In the clinical context, sitagliptin offers similar indication as the other DPP-4 inhibitors and the GLP-1 receptor agonists. Sitagliptin is very similar to the other DPP-4 inhibitors on the market, vildagliptin and saxagliptin,²⁰ and no long-term head-to-head study exists yet for these; it is therefore not possible yet to differentiate between them. Of the GLP-1 receptor agonists (GLP-1 mimetics), exenatide (Byetta^®; Amylin and Eli Lilly) and liraglutide (Victoza^®; Novo Nordisk) have been approved for therapy and several others are in clinical development, such as lixisenatide, albiglutide and taspoglutide. They are DPP-4 resistant compounds which are based either on modification of the GLP-1 molecule or based on the peptide exendin-4.⁷⁶ The GLP-1 mimetics are given through the subcutanoues route either once or twice daily or with longer intervals, such as once weekly. The efficacy of these compounds seems to be similar as that of the DPP-4 inhibitors. The main differences are that GLP-1 receptor agonists reduce body weight, whereas DPP-4 inhibitors are body weight neutral; that GLP-1 mimetics are injectables, whereas DPP-4 inhibitors are active after oral administration; and that DPP-4 inhibitors are virtually free from adverse events, whereas GLP-1 mimetics are associated with nausea.

Sitagliptin, like the other DPP-4 inhibitors, has a higher cost per day of clinical use than sulfonylureass, which is an economic drawback for the DPP-4 inhibitors.
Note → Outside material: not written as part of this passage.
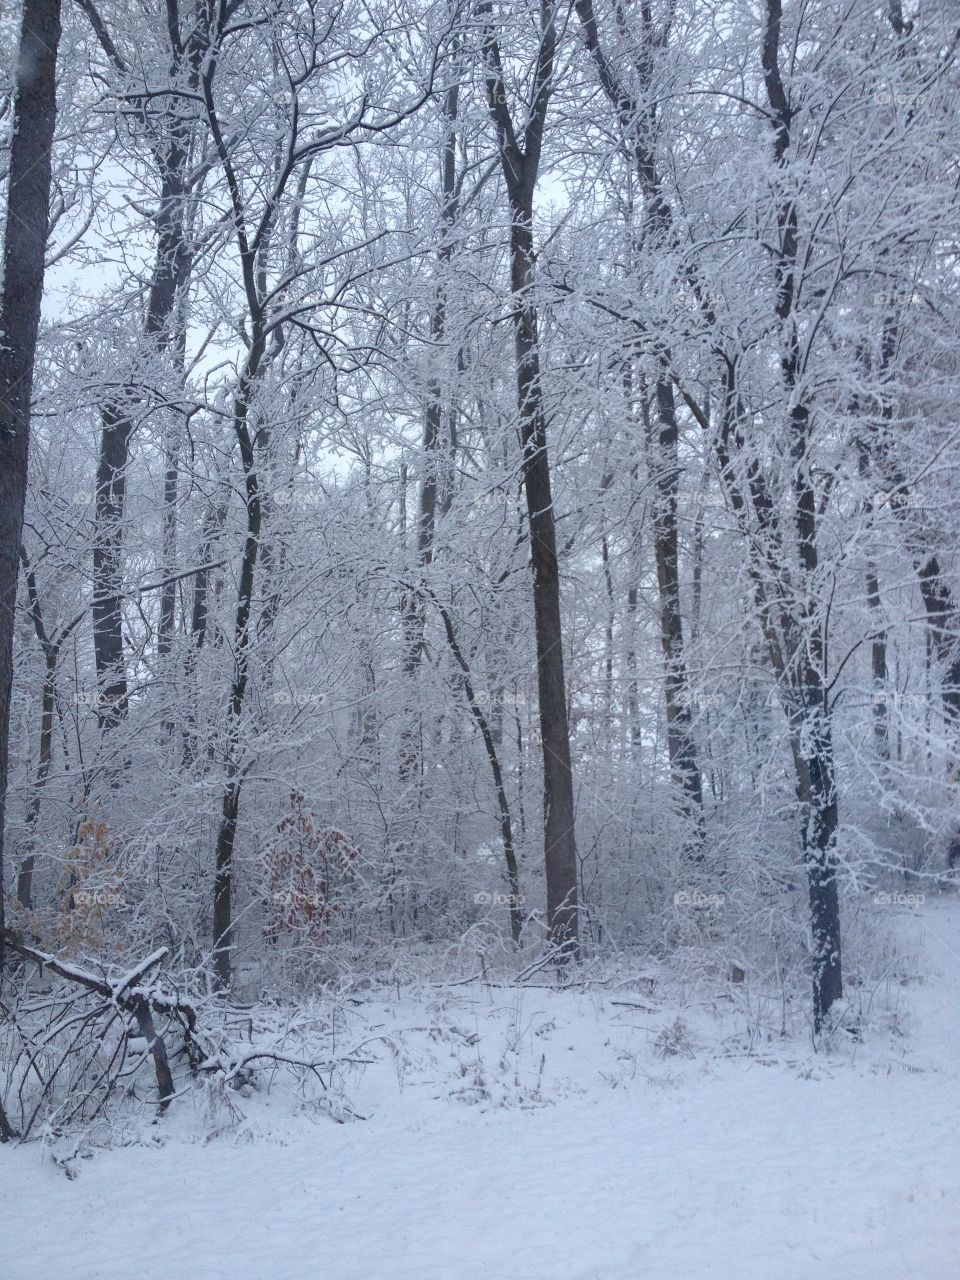 The snow blanketed all the trees in our yard which was very beautiful so I took this photo.

However, a health economic model analysis has shown that addition of sitagliptin to metformin was cost saving compared to sulfonylurea or a thiazolidinedione in patients with inadequate glycemic control on metformin alone.⁷⁷ Nevertheless, more studies are required on this issue.
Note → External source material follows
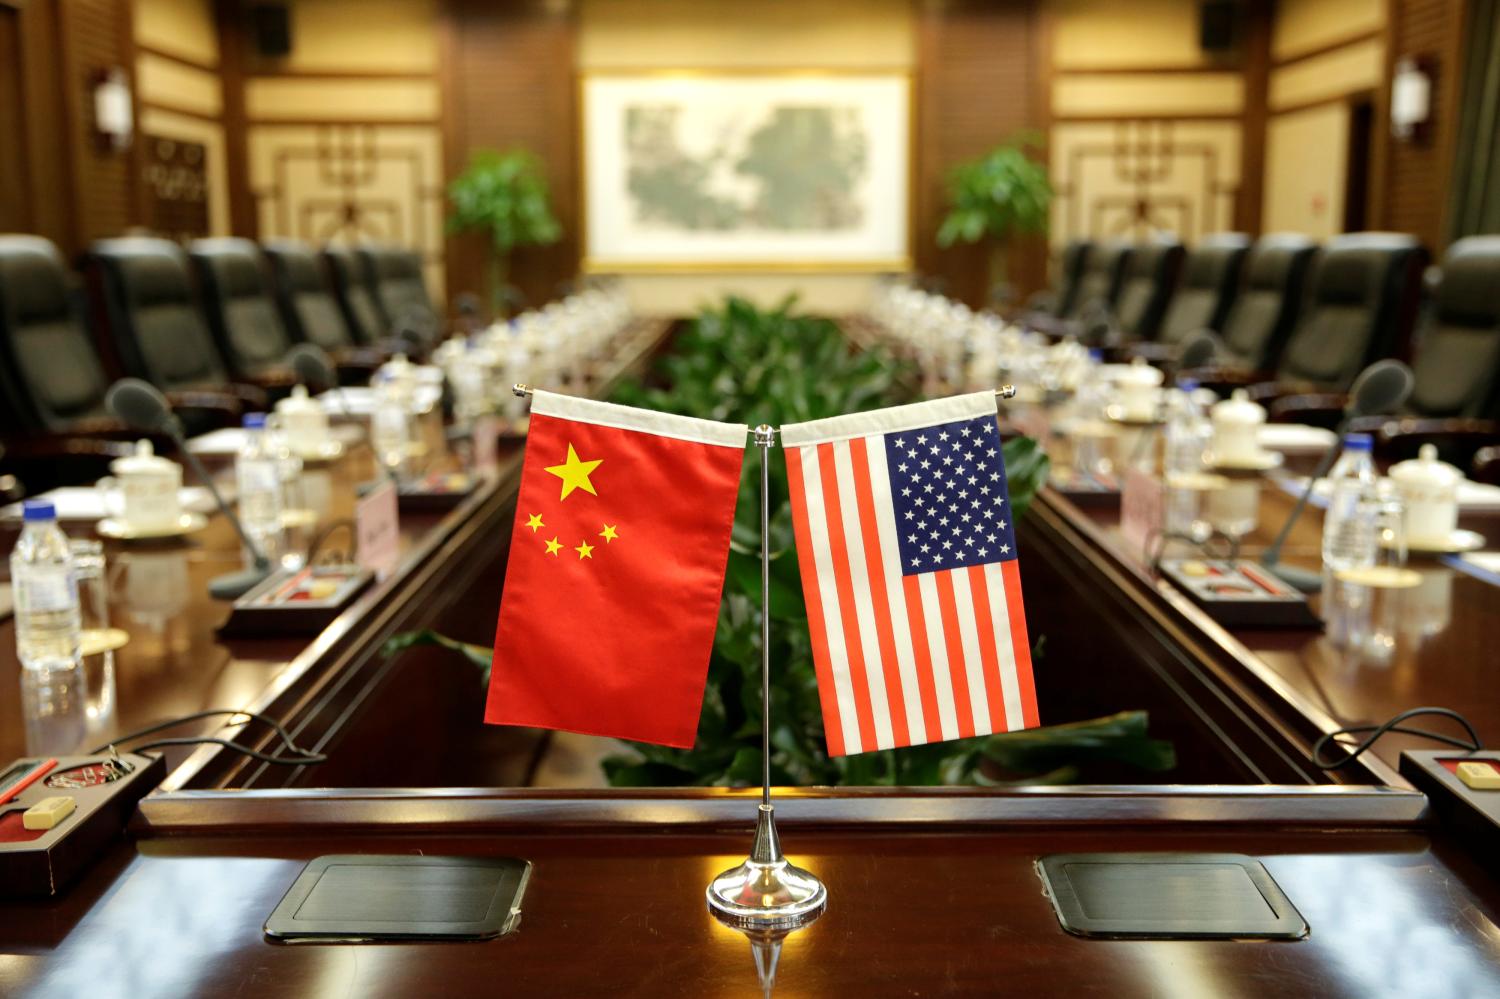 Flags of U.S. and China are placed for a meeting between Secretary of Agriculture Sonny Perdue and China's Minister of Agriculture Han Changfu at the Ministry of Agriculture in Beijing, China June 30, 2017. REUTERS/Jason Lee - RC1A8F925660

For future studies, it is important to examine the durability and long-term effects and safety of sitagliptin. Studies are also required to compare the long-term effects in head-to-head studies with other DPP-4 inhibitors and with GLP-1 mimetics. Moreover, outcome studies in relation to co-morbidity, such as cardiovascular diseases, are required. Recently, Merck and Co. has initiated a clinical cardiovascular study with sitagliptin entitled “A randomized placebo controlled clinical trial to evaluate cardiovascular outcomes after treatment with sitagliptin in patients with type 2 diabetes mellitus and inadequate glycemic control on mono- or dual combination oral antihyperglycemic therapy” (TECOS).⁷⁸ This is a long-term event-driven study with the primary objective of evaluating cardiovascular endpoints in high-risk populations; results are expected in 2014. Furthermore, more mechanistic studies are required to establish more detailed information on how sitagliptin affects islet function, including effects on glucagon secretion, and also effects on incretin hormone secretion and metabolism; most mechanistic studies on DPP-4 inhibition exist for vildagliptin.⁷⁹ Studies directed at establishing potential contribution of the incretin hormone GIP, the level of which also is increased by DPP-4 inhibition. Finally, since sitagliptin relies on incretins which are released after meal ingestion, it is important to study their effects in relation to ingestion of various meal ingredients, since it is known that macronutrients have different effects on the release and concentrations of incretin hormones.⁸⁰ Therefore, although much information exists on clinical effects and mechanisms of DPP-4 inhibition, more information is required for a fuller understanding of this promising concept to treat subjects with type 2 diabetes.

Disclosure

The author has received consulting fees from Merck, Novartis, AstraZeneca, GSK, Roche, Sanofi-Aventis and Servier.